Work Partitioning: DAPHNE supports twelve partitioning schemes: Static (STATIC), Self-scheduling (SS), Guided self-scheduling (GSS), Trapezoid self-scheduling (TSS), Trapezoid Factoring self-scheduling (TFSS), Fixed-increase self-scheduling (FISS), Variable-increase self-scheduling (VISS), Performance loop-based self-scheduling (PLS), Modified version of Static (MSTATIC), Modified version of fixed size chunk self-scheduling (MFSC), and Probabilistic self-scheduling (PSS). The granularity of the tasks generated and scheduled by DAPHNE follows one of these partitioning schemes (see Section 4.1.1.1 in Deliverable 5.1).
Work Assignment: Currently, DAPHNE supports two main assignment mechanisms: single centralized work queue and multiple work queues. When work assignment relies on a centralized work queue (CENTRALIZED), workers follow the self-scheduling principle, i.e., whenever a worker is free and idle, it obtains a task from a central queue. When work assignment relies on multiple work queues, workers follow the work-stealing principle, i.e., whenever workers are free, idle, and have no tasks in their queues, they steal tasks from the work queue of each other. Work queues can be per worker (PERCPU) or per group of workers (PERGROUP). In work-stealing, workers need to apply a victim selection mechanism to find a queue and steal work from it. The currently supported victim selection mechanisms are SEQ (steal from the next adjacent worker), SEQPRI (steal from the next adjacent worker, but prioritize the same NUMA domain), RANDOM (steal from a random worker), RANDOMPRI (steal from a random worker, but prioritize the same NUMA domain).
Scheduling Options
To list all possible execution options of DAPHNE, one needs to execute the following:
The output of this command shows all DAPHNE compilation and execution parameters including the scheduling options that are currently support. The output below shows only the scheduling options that we will cover in this document.
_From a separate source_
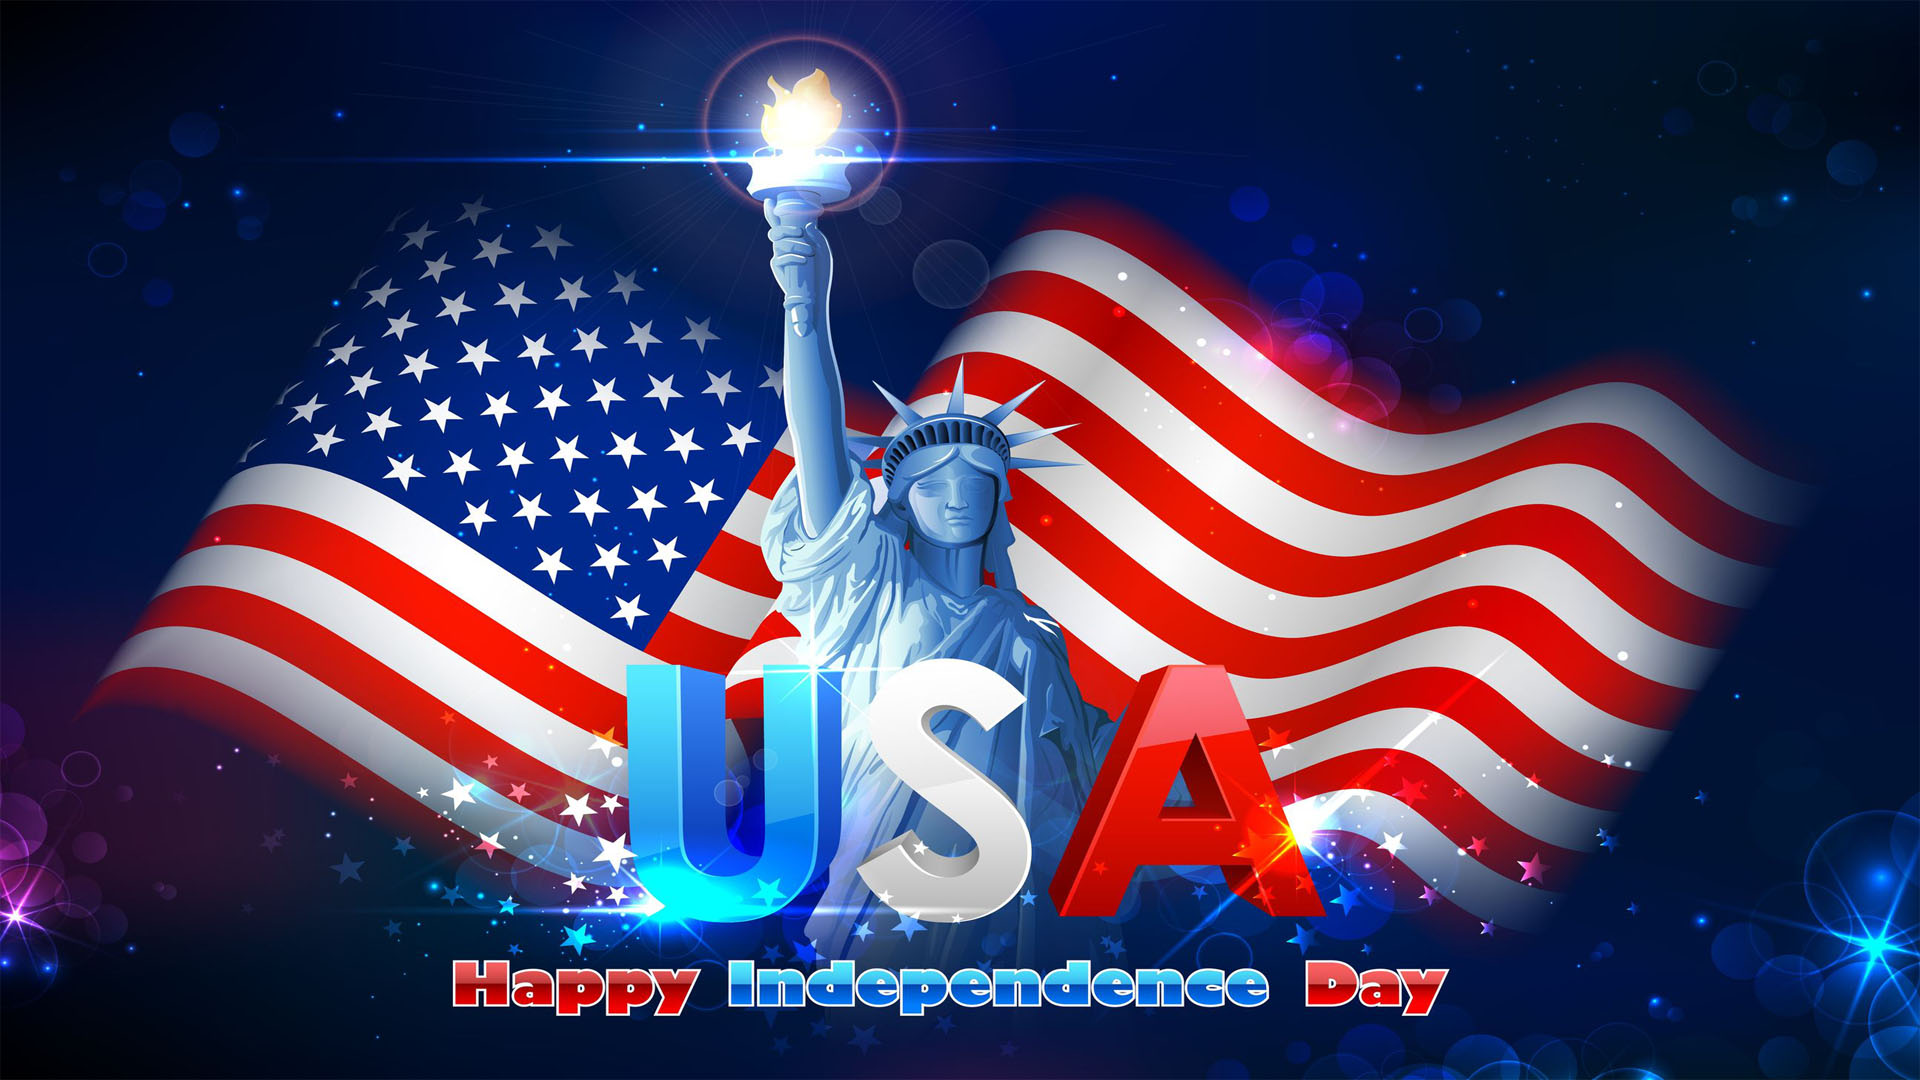 July 4th Happy Independence Day Wallpaper Desktop Home

> This program compiles and executes a DaphneDSL script.
USAGE: daphne [options] script [arguments]
OPTIONS:
Advanced Scheduling Knobs:
Choose task partitioning scheme:
--STATIC - Static (default)
--SS - Self-scheduling
--GSS - Guided self-scheduling
--TSS - Trapezoid self-scheduling
--FAC2 - Factoring self-scheduling
--TFSS - Trapezoid Factoring self-scheduling
--FISS - Fixed-increase self-scheduling
--VISS - Variable-increase self-scheduling
--PLS - Performance loop-based self-scheduling
--MSTATIC - Modified version of Static, i.e., instead of n/p, it uses n/(4*p) where n is number of tasks and p is number of threads
--MFSC - Modified version of fixed size chunk self-scheduling, i.e., MFSC does not require profiling information as FSC
--PSS - Probabilistic self-scheduling
Choose queue setup scheme:
--CENTRALIZED - One queue (default)
--PERGROUP - One queue per CPU group
--PERCPU - One queue per CPU core
Choose work stealing victim selection logic:
--SEQ - Steal from next adjacent worker
--SEQPRI - Steal from next adjacent worker, prioritize same NUMA domain
--RANDOM - Steal from random worker
--RANDOMPRI - Steal from random worker, prioritize same NUMA domain
--debug-mt - Prints debug information about the Multithreading Wrapper
--grain-size=<int> - Define the minimum grain size of a task (default is 1)
--hyperthreading - Utilize multiple logical CPUs located on the same physical CPU
--num-threads=<int> - Define the number of the CPU threads used by the vectorized execution engine (default is equal to the number of physical cores on the target node that executes the code)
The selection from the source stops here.